**PROMPT**
Pictures stay out of the copy; set down each line of the listing below exactly.

**STORED DATA**
=== Section Start ===
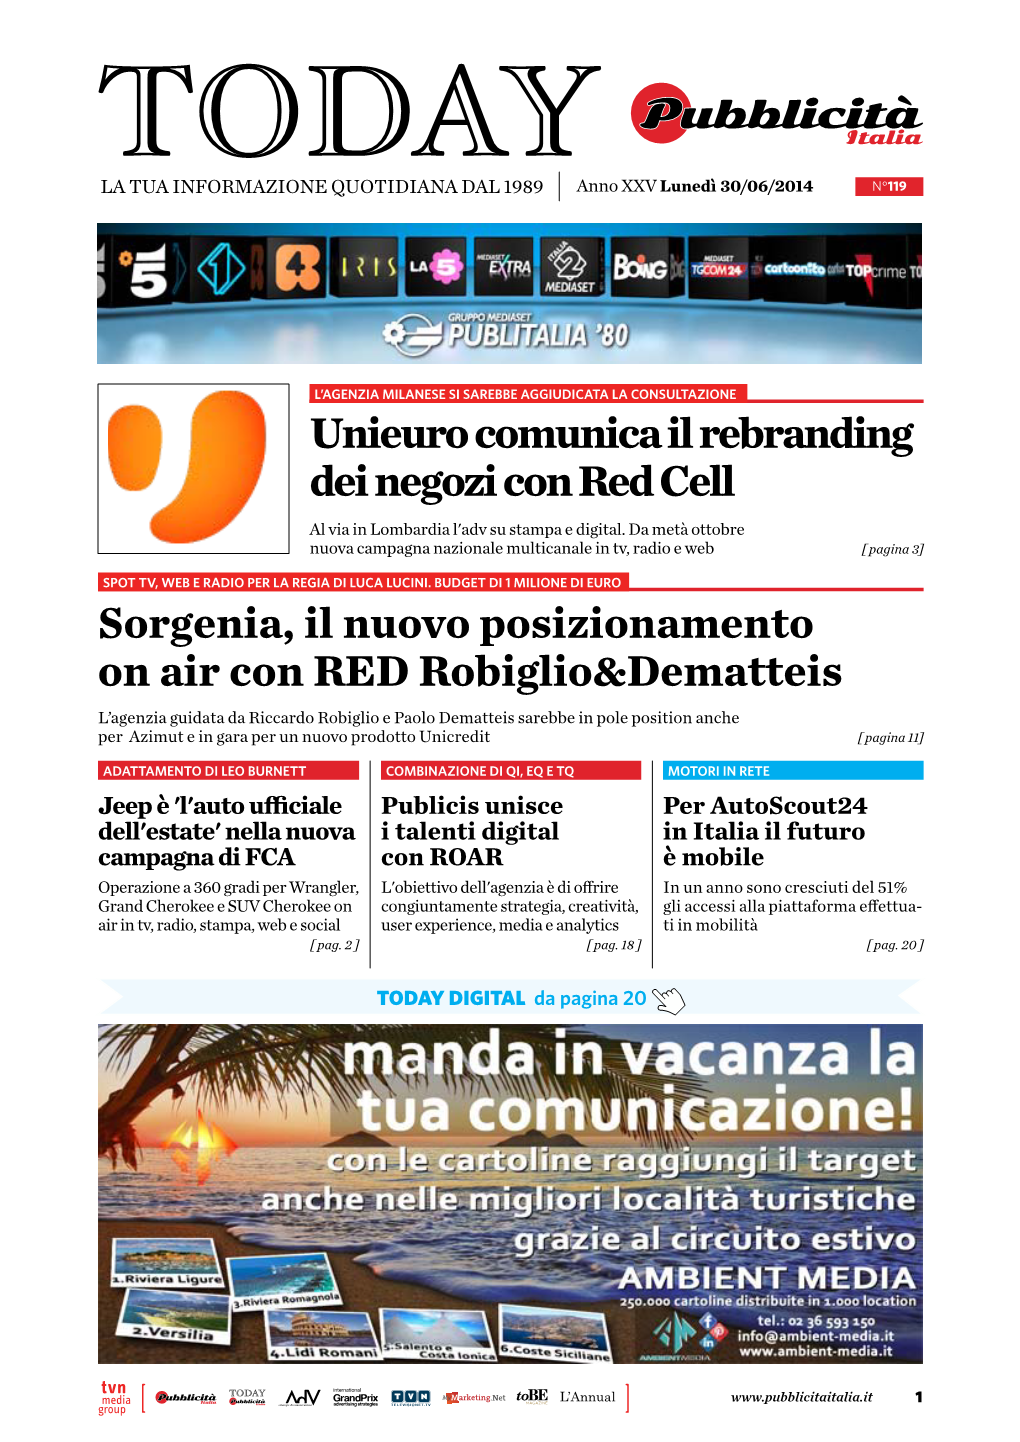 Unieuro Comunica Il Rebranding Dei Negozi Con Red Cell Sorgenia, Il
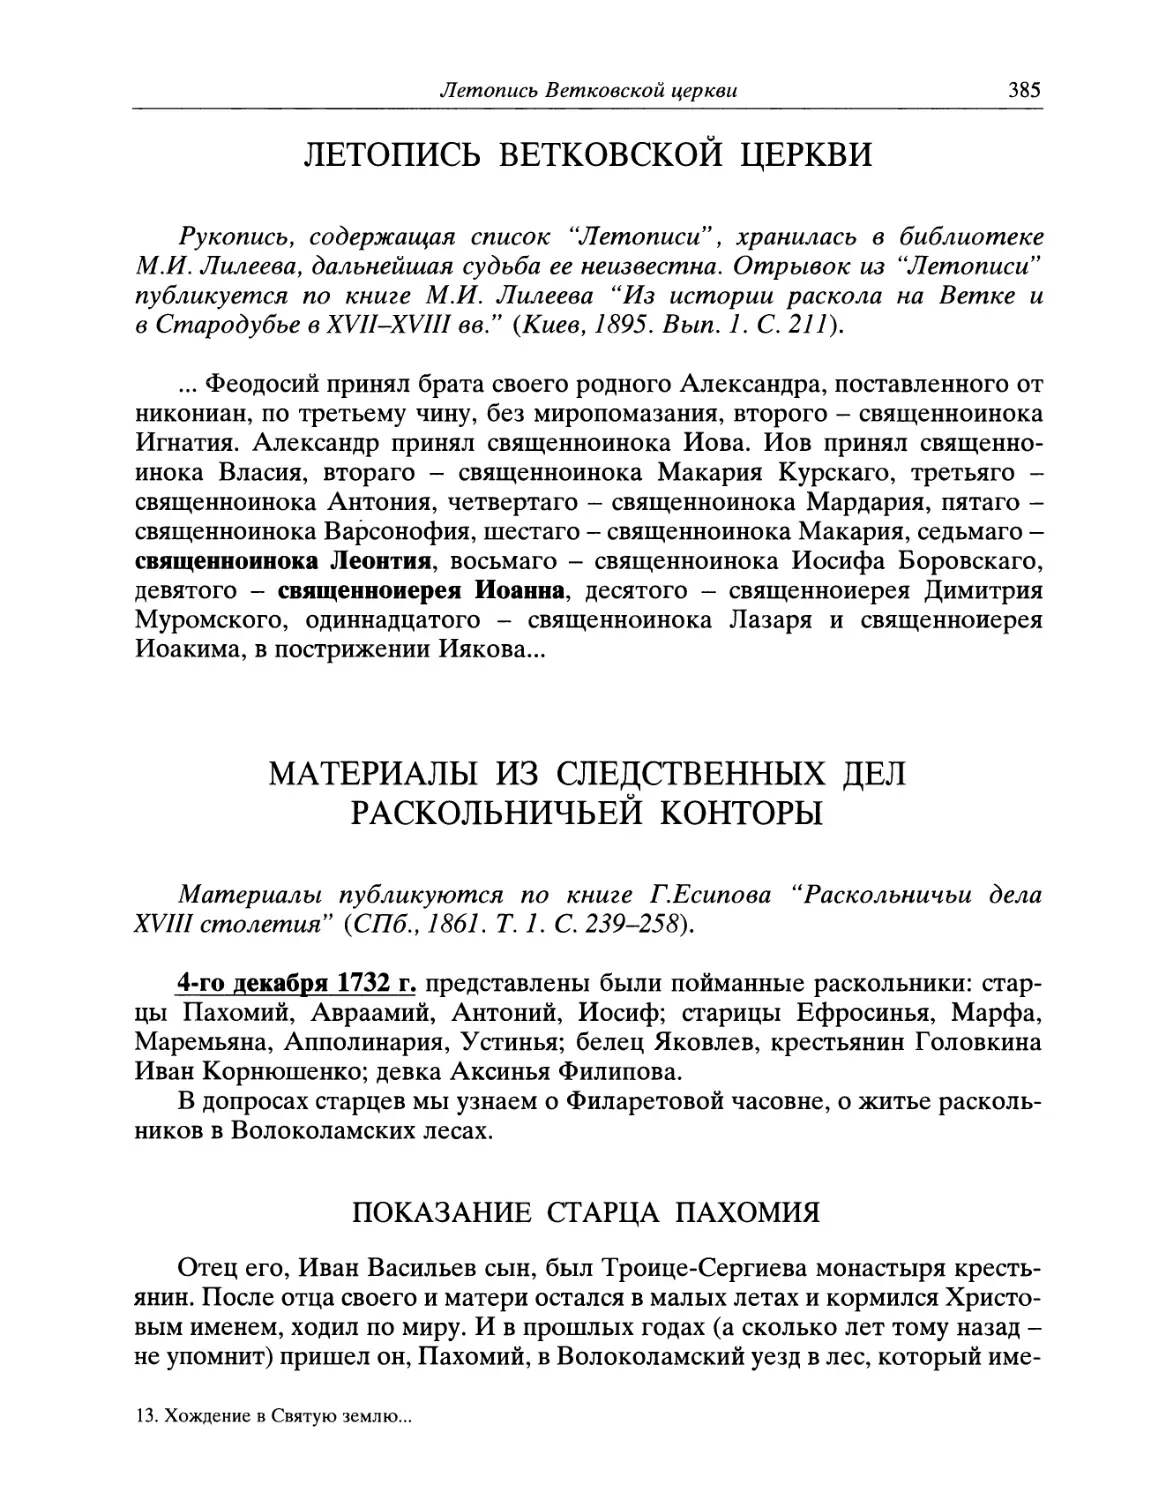 Летопись Ветковской церкви
Материалы из следственных дел Раскольничьей конторы
=== Section End ===
**RESULT**
 Unieuro Comunica Il Rebranding Dei Negozi Con Red Cell Sorgenia, Il
 Летопись Ветковской церкви
Материалы из следственных дел Раскольничьей конторы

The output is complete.